(Beginning of Material provided)

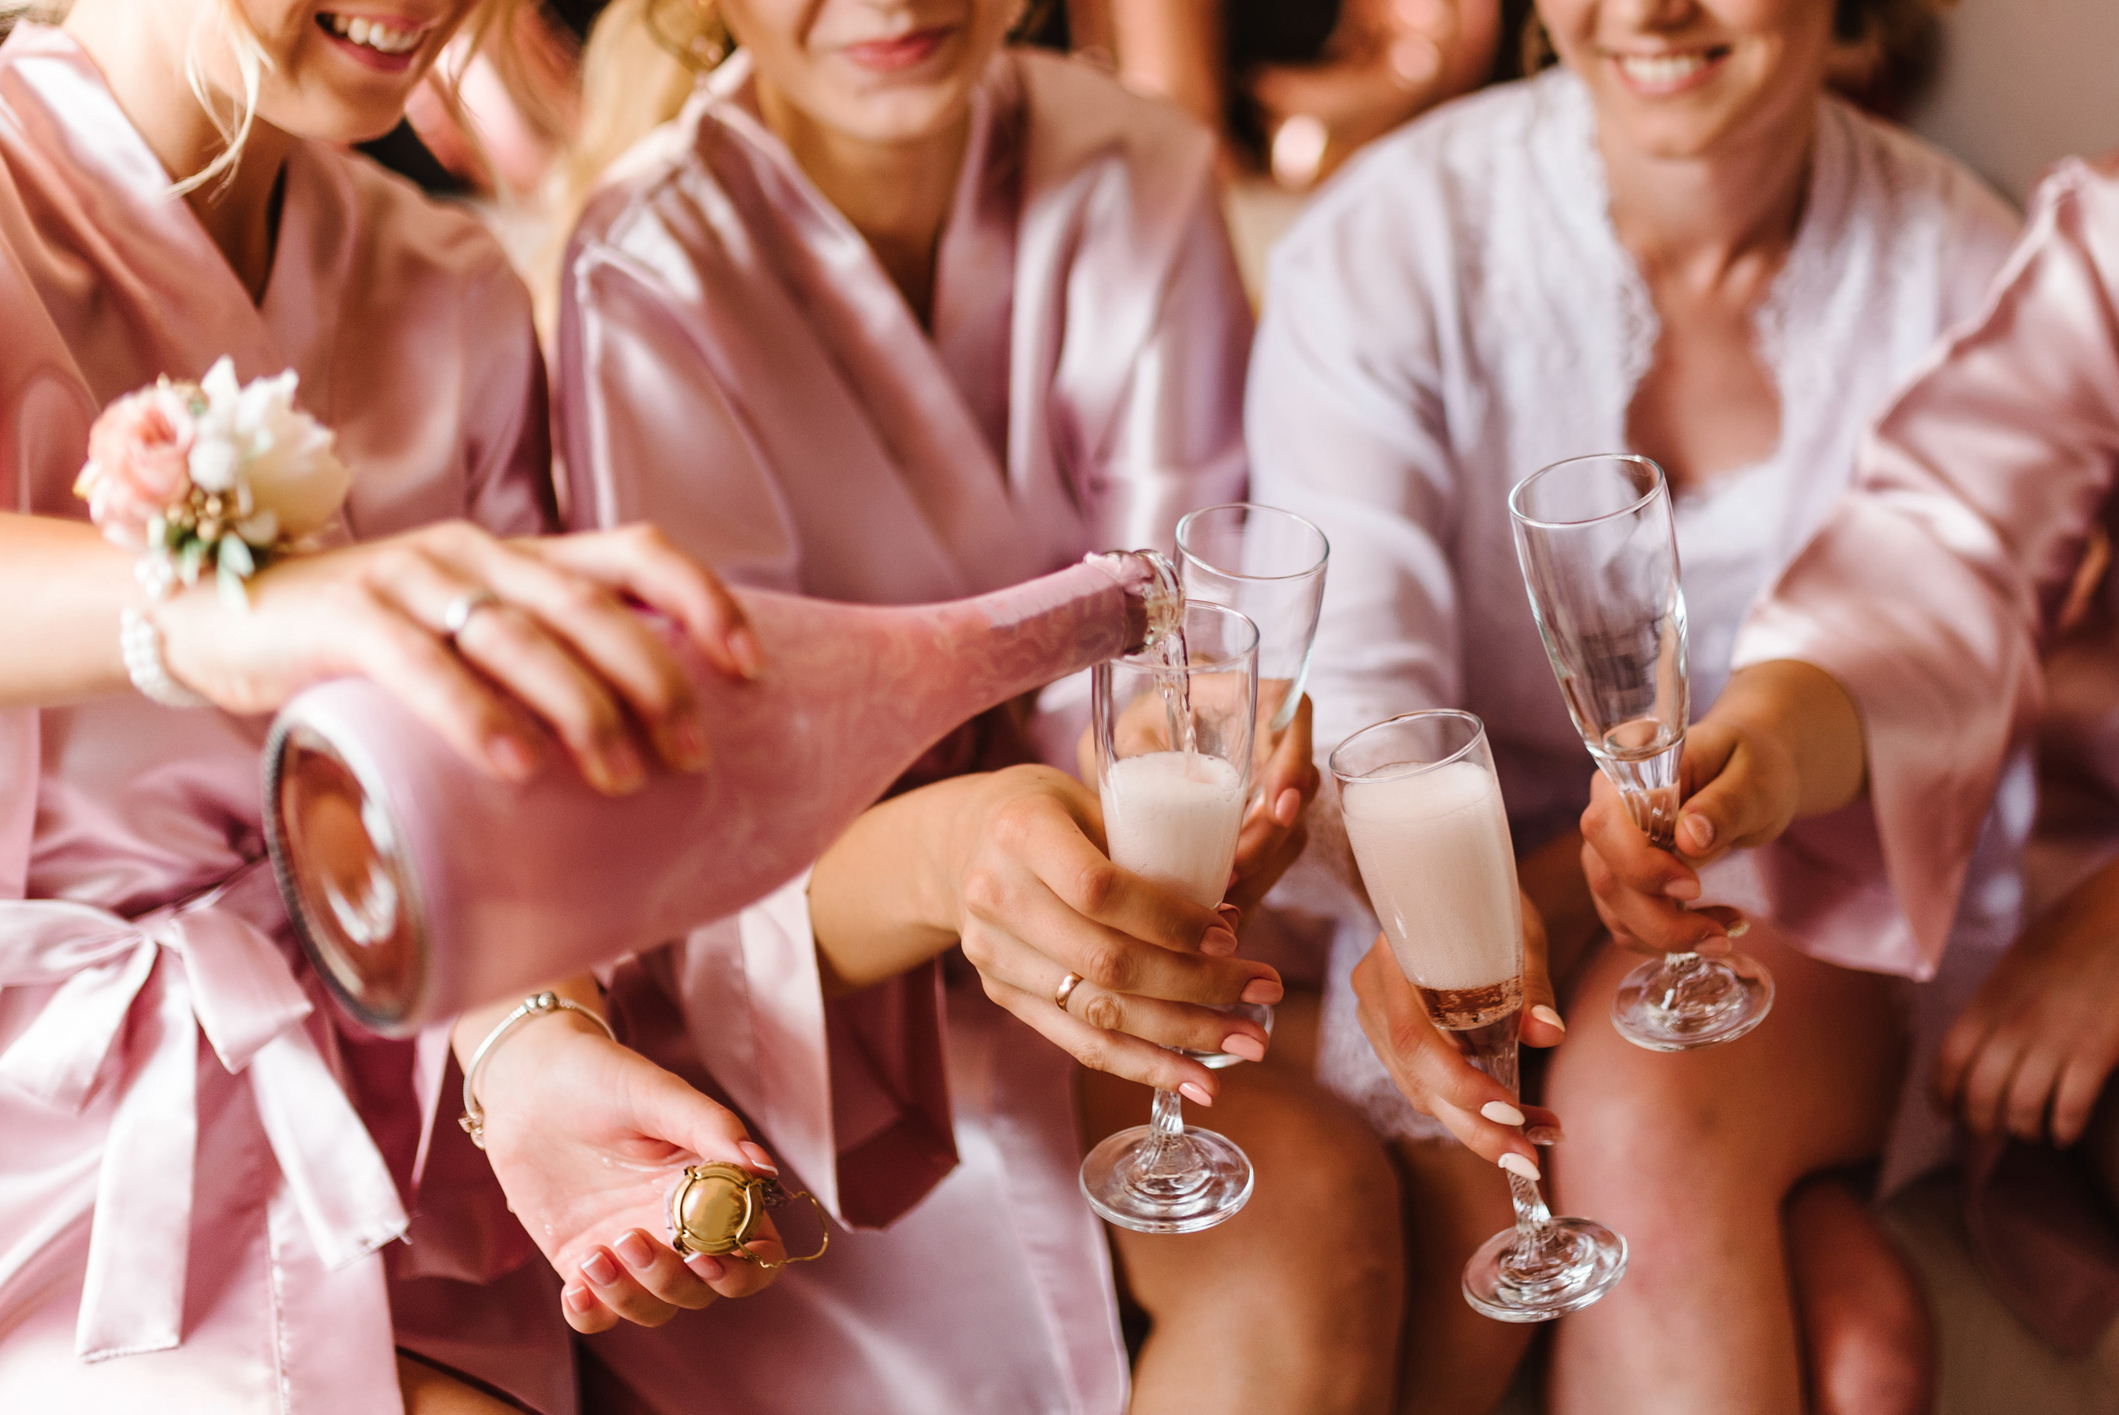 Young bridesmaids clinking with glasses of champagne in hotel room
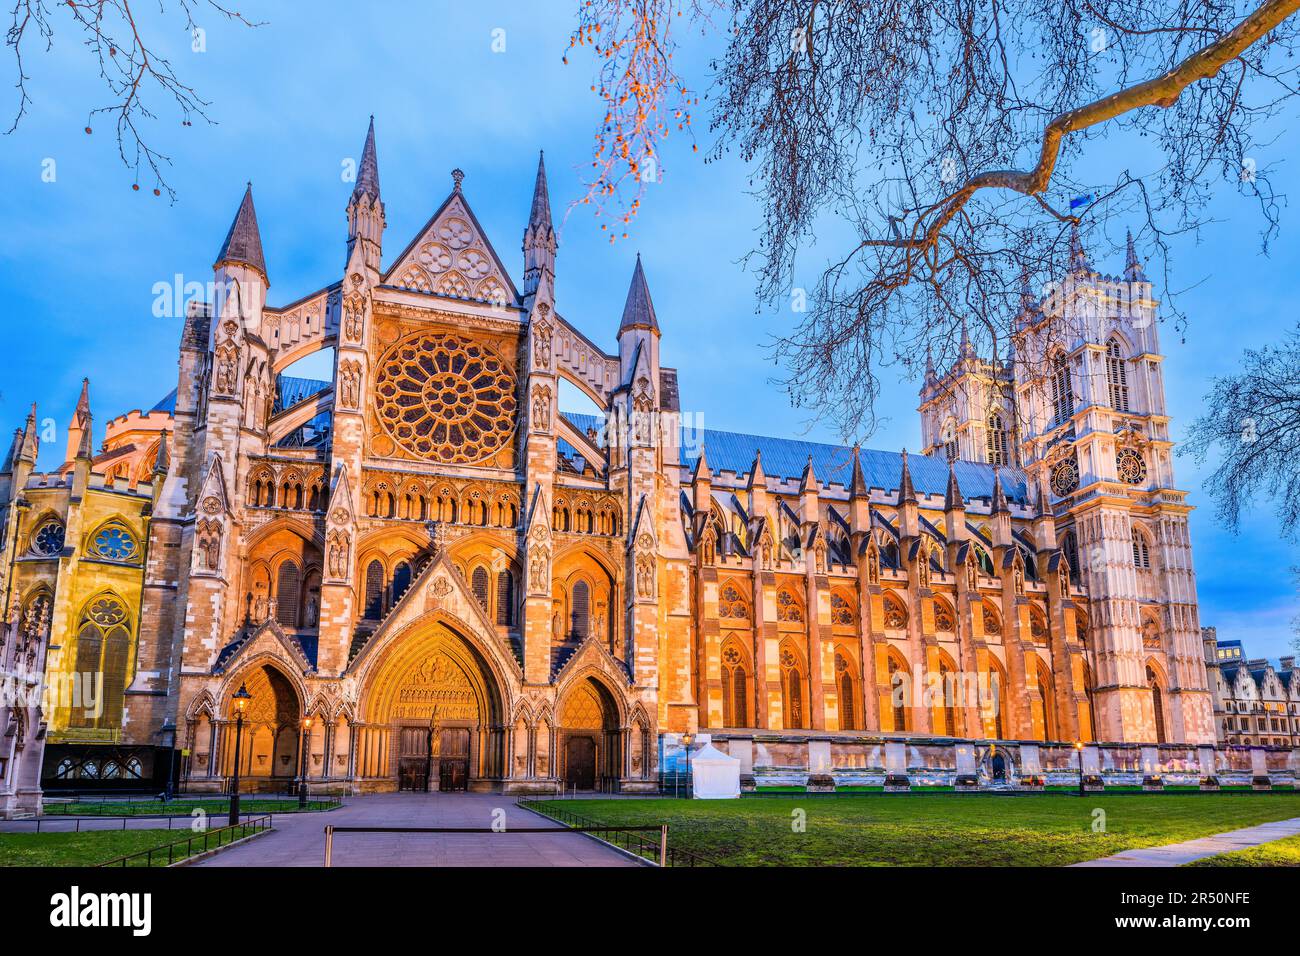 London, United Kingdom. Westminster Abbey in the City of Westminster, London. Stock Photo
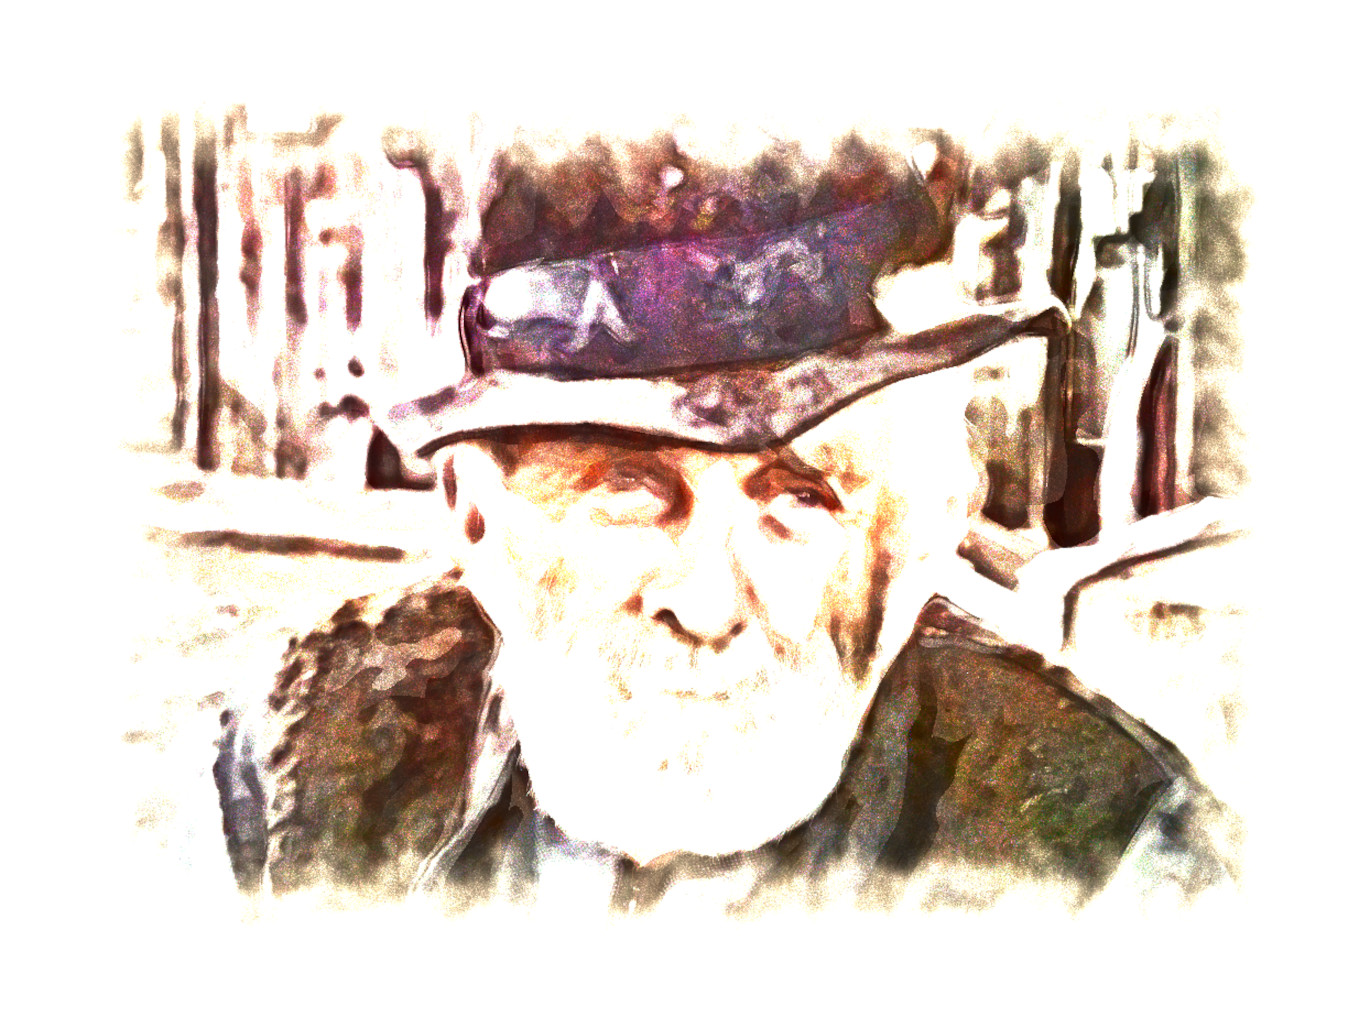 2023-10-01 16-49-47 peasant-482727 with a Watercolor Pastels Effect 2023 (4.0,75.0,30.0,40.0,10.0,9.0,80.0,False,1).jpg
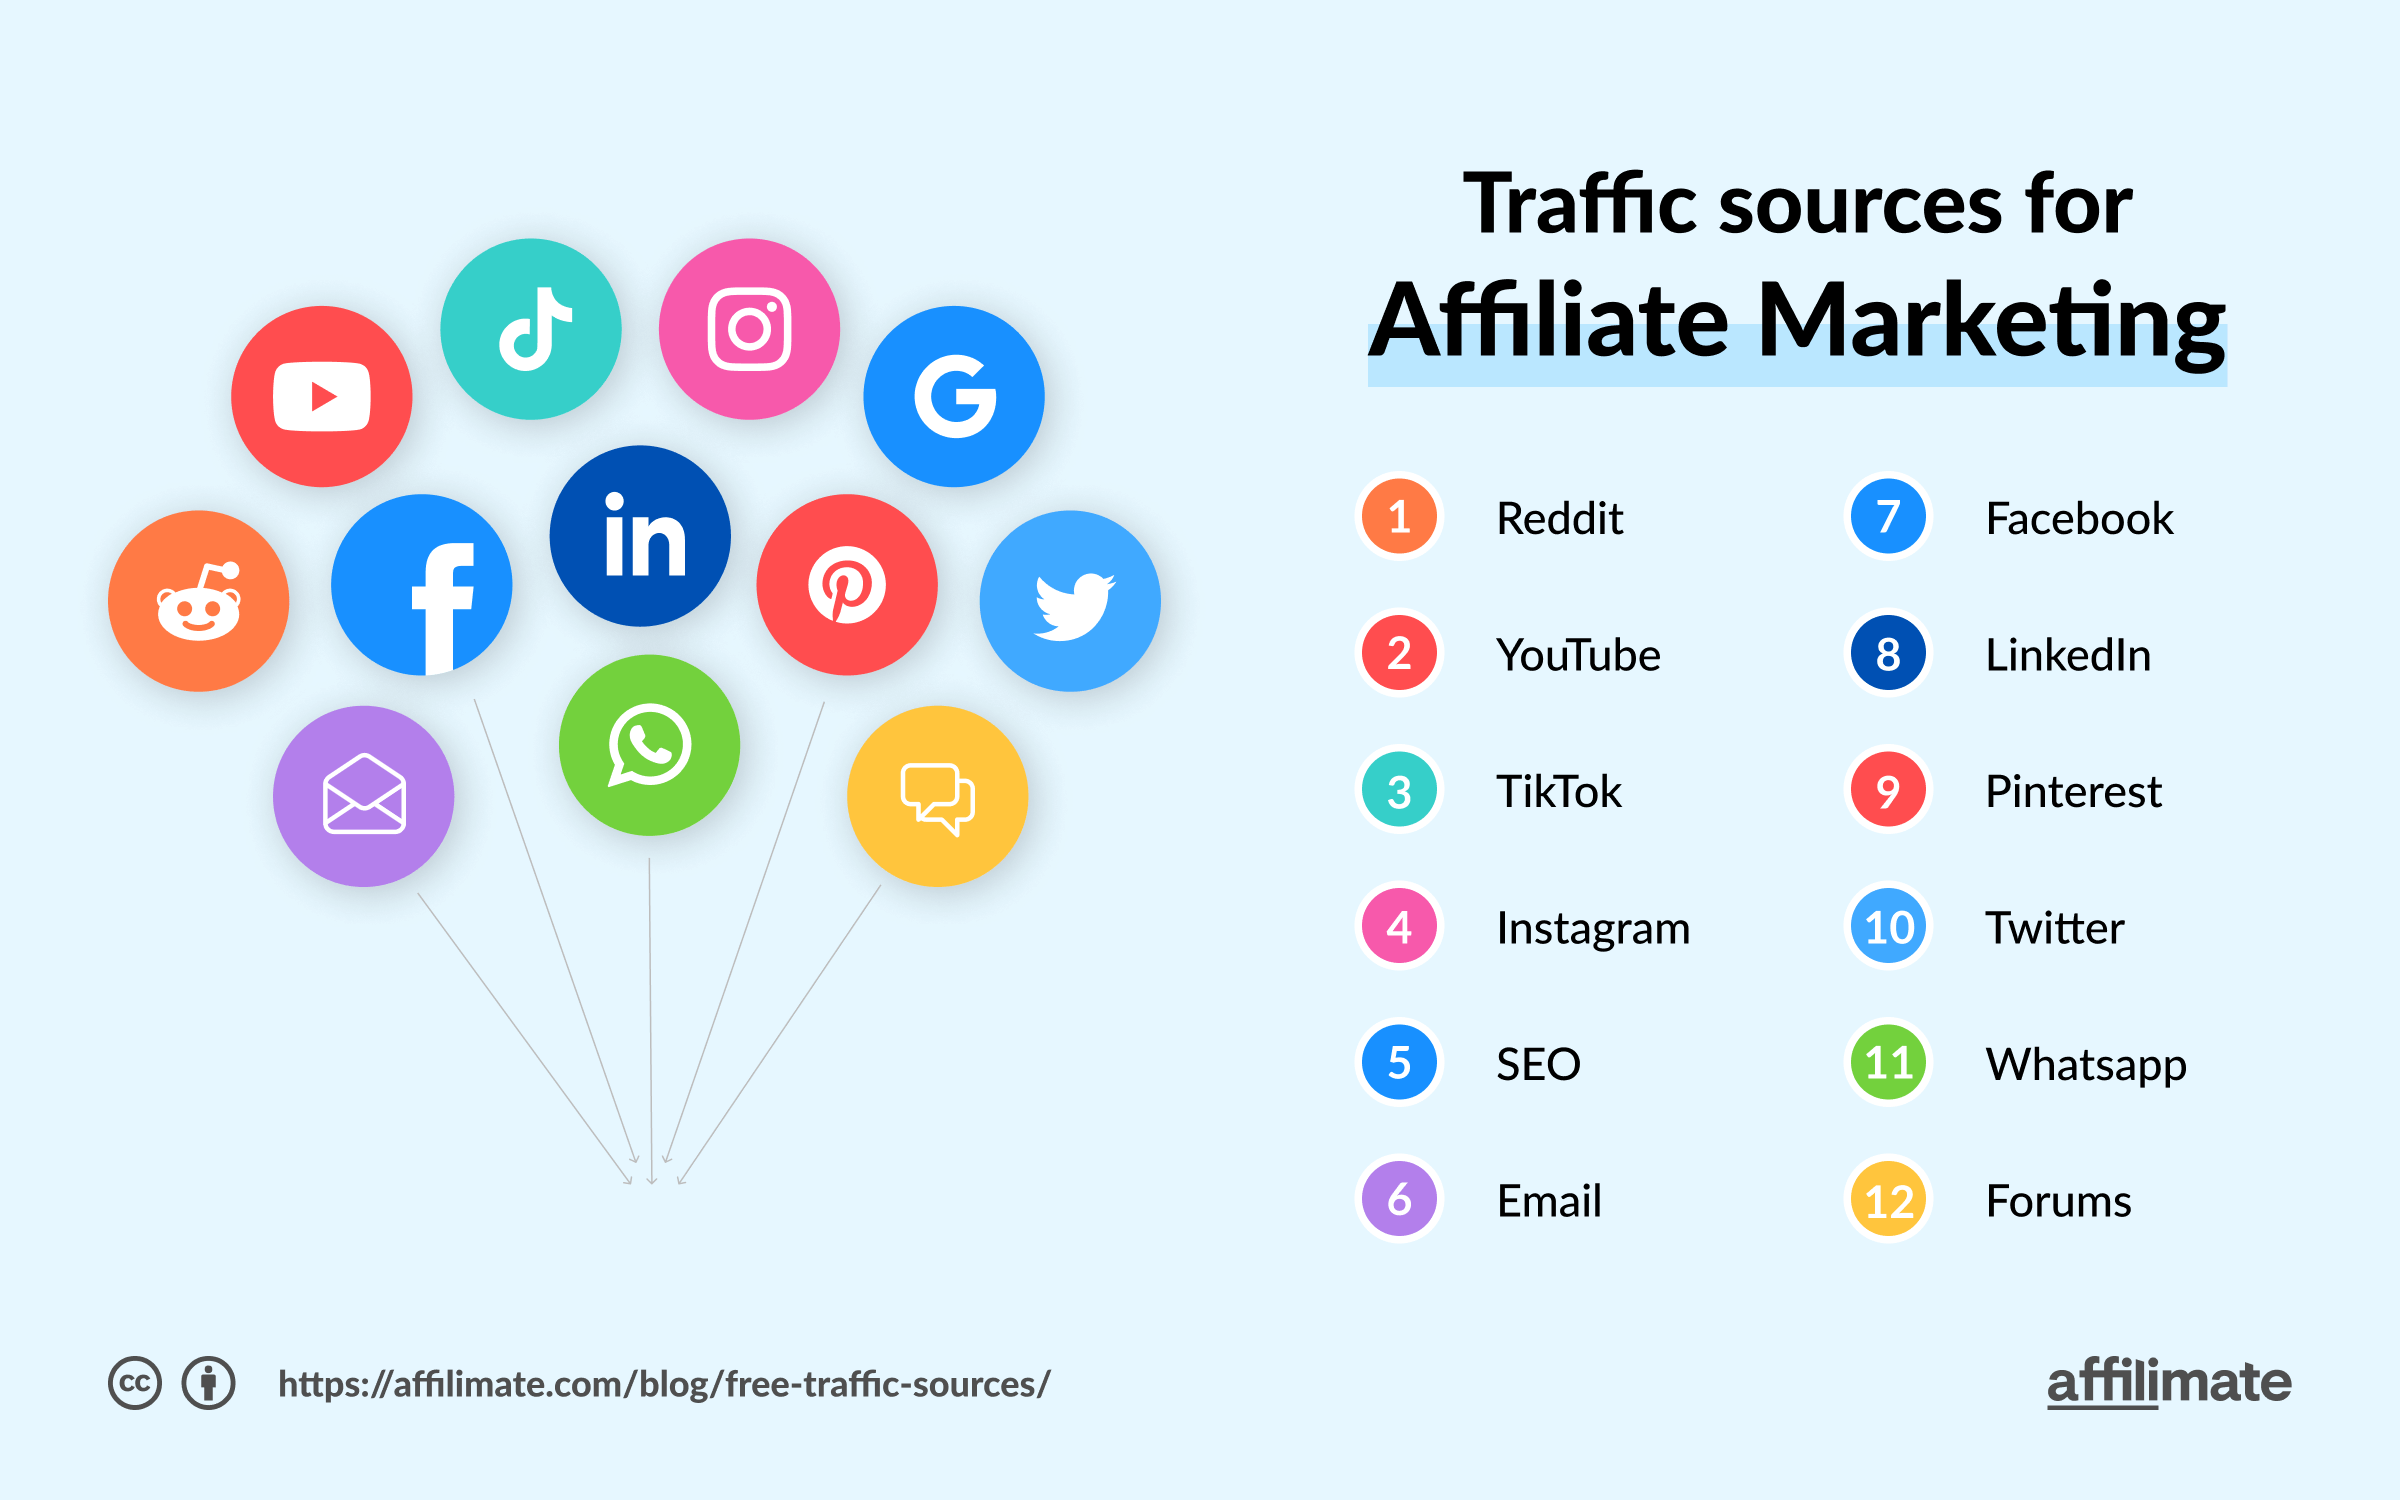 Free traffic sources for affiliate marketing

(End of Material provided)

Make a word-for-word repeat of the material, skipping all pictures.

Output of the task ->
 Young bridesmaids clinking with glasses of champagne in hotel room
 London, United Kingdom. Westminster Abbey in the City of Westminster, London. Stock Photo
 2023-10-01 16-49-47 peasant-482727 with a Watercolor Pastels Effect 2023 (4.0,75.0,30.0,40.0,10.0,9.0,80.0,False,1).jpg
 Free traffic sources for affiliate marketing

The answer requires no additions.